The cryoprotective effects of dimethyl sulfoxide on human bone marrow as studied by 31 P nuclear magnetic resonance spectroscopy

31 P nuclear magnetic resonance spectroscopy has been used to study freshly aspirated normal human bone marrow samples. The pH within the intact cells of the samples was determined from the chemical‐shift position of the resonance for inorganic phosphate within the cell; the intracellular pH was found to be 7.35 for fresh bone marrow.
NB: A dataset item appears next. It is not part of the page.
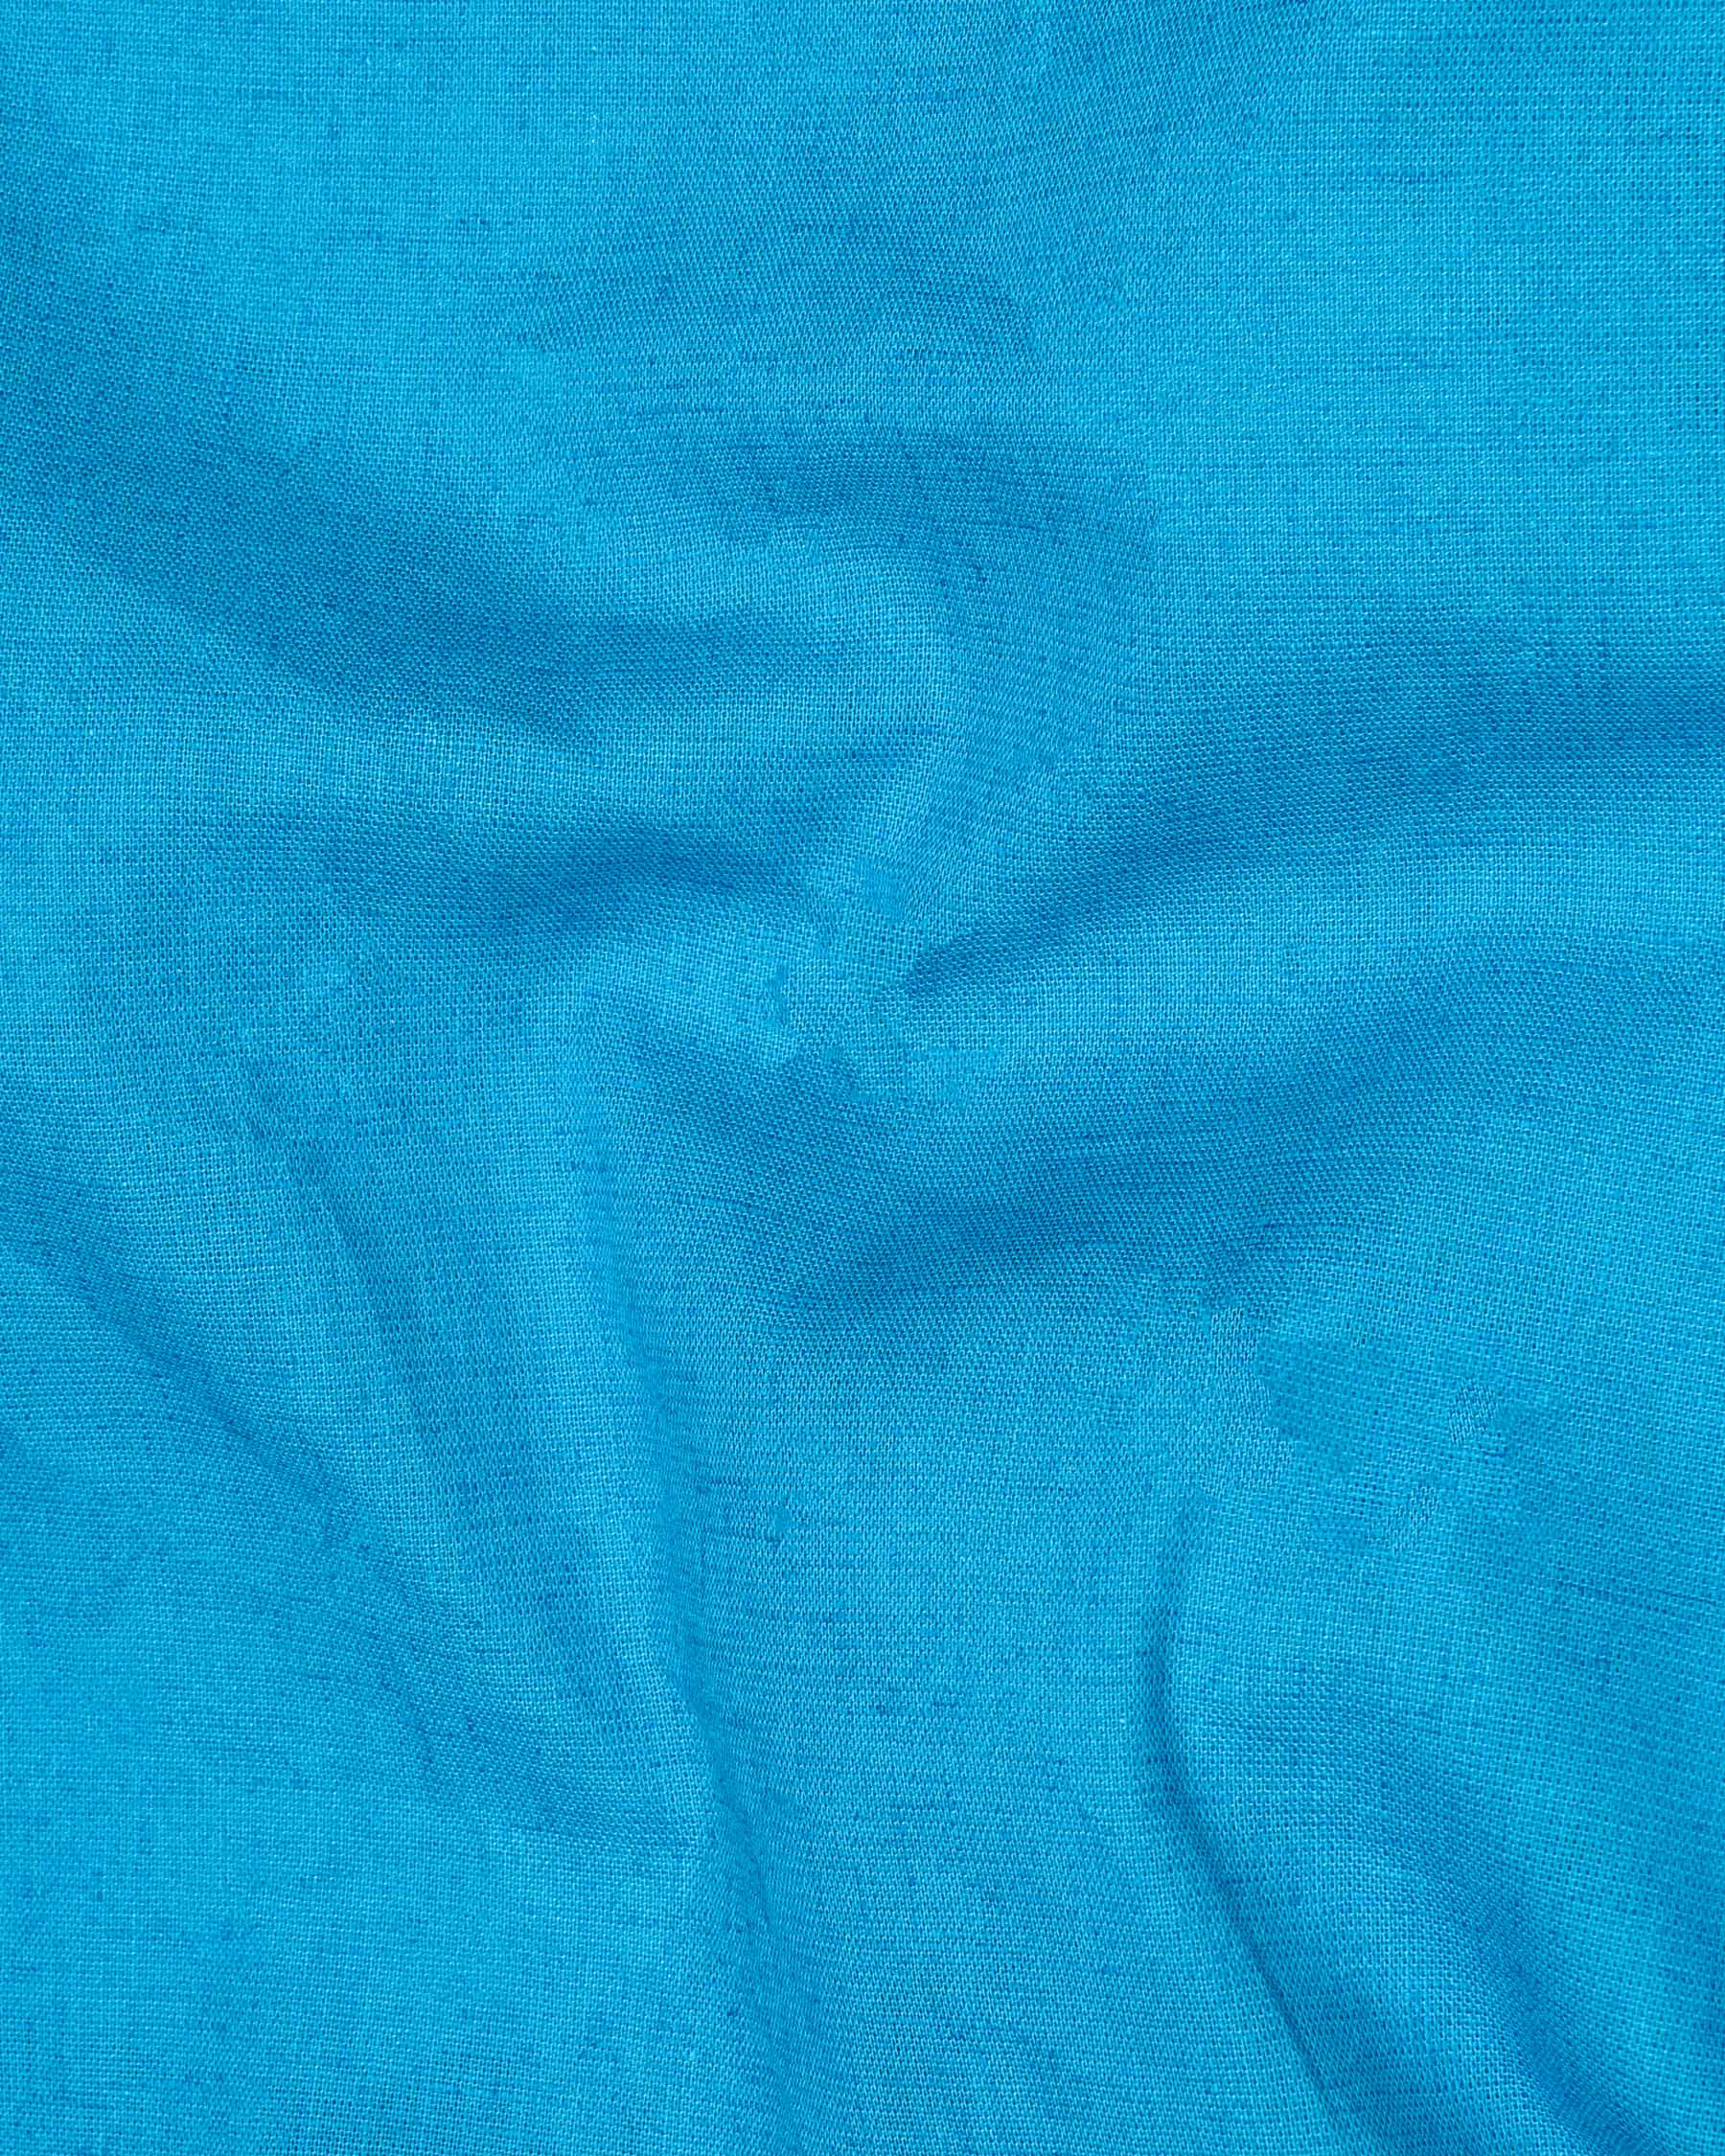 Cerulean Blue with Pin Tucks Luxurious Linen Tuxedo Shirt 7030-TXD-38, 7030-TXD-H-38, 7030-TXD-39, 7030-TXD-H-39, 7030-TXD-40, 7030-TXD-H-40, 7030-TXD-42, 7030-TXD-H-42, 7030-TXD-44, 7030-TXD-H-44, 7030-TXD-46, 7030-TXD-H-46, 7030-TXD-48, 7030-TXD-H-48, 7030-TXD-50, 7030-TXD-H-50, 7030-TXD-52, 7030-TXD-H-52

The chemical‐shift positions of the α and β phosphate resonances of adenosine 5′‐triphosphate were used to assess the fraction of this metabolite complexed with Mg 2+ . It was found that 84% of the total intracellular adenosine 5′‐triphosphate was in the Mg 2+ ‐complexed form. The concentration of Mg 2+ uncomplexed to any ligand was 0.4 m M . The areas of the resonances for the major phosphorus‐containing metabolites were used to determine intracellular concentrations. For fresh human bone marrow, the intracellular concentrations determined were phosphate monoesters < 0.3 m M , 2,3‐diphosphoglycerate 3.9 ± 1.0 m M , inorganic phosphate 1.2 ± 0.6 m M , phosphodiesters 2.8 ± 1.0 m M , adenosine 5′‐triphosphate 1.6 ± 0.4 m M , adenosine 5‐diphosphate < 0.2 m M , and nicotinamide adenine dinucleotide < 0.2 m M . These metabolite concentrations within the intact cell samples did not change over 2.0 h and changed only gradually over a 24‐h period. 31 P nuclear magnetic resonance spectroscopy was then used to study the cryopreservation of normal human bone marrow in the presence of increasing concentrations of the penetrating cryopreservative dimethyl sulfoxide. Dimethyl sulfoxide alone without freezing was found to cause some gradual hydrolysis of 2,3‐diphosphoglycerate, presumably by stimulating diphosphoglycerate phosphatase. The effect of freezing human bone marrow to liquid nitrogen temperatures, storage, and rapid thawing was a dramatic fall in intracellular adenosine 5′‐triphosphate levels. The half‐life of the metabolite, after thawing, was about 0.3 h. If the bone marrow was frozen in the presence of 2.5, 5.0, and 7.5% dimethyl sulfoxide, the post‐thaw half‐life was prolonged to 0.4, 0.5, and 0.6 h, respectively. 15% dimethyl sulfoxide afforded complete cryoprotection, with adenosine 5′‐triphosphate levels constant for 15 h after thawing the human bone marrow. © 1986 Academic Press, Inc.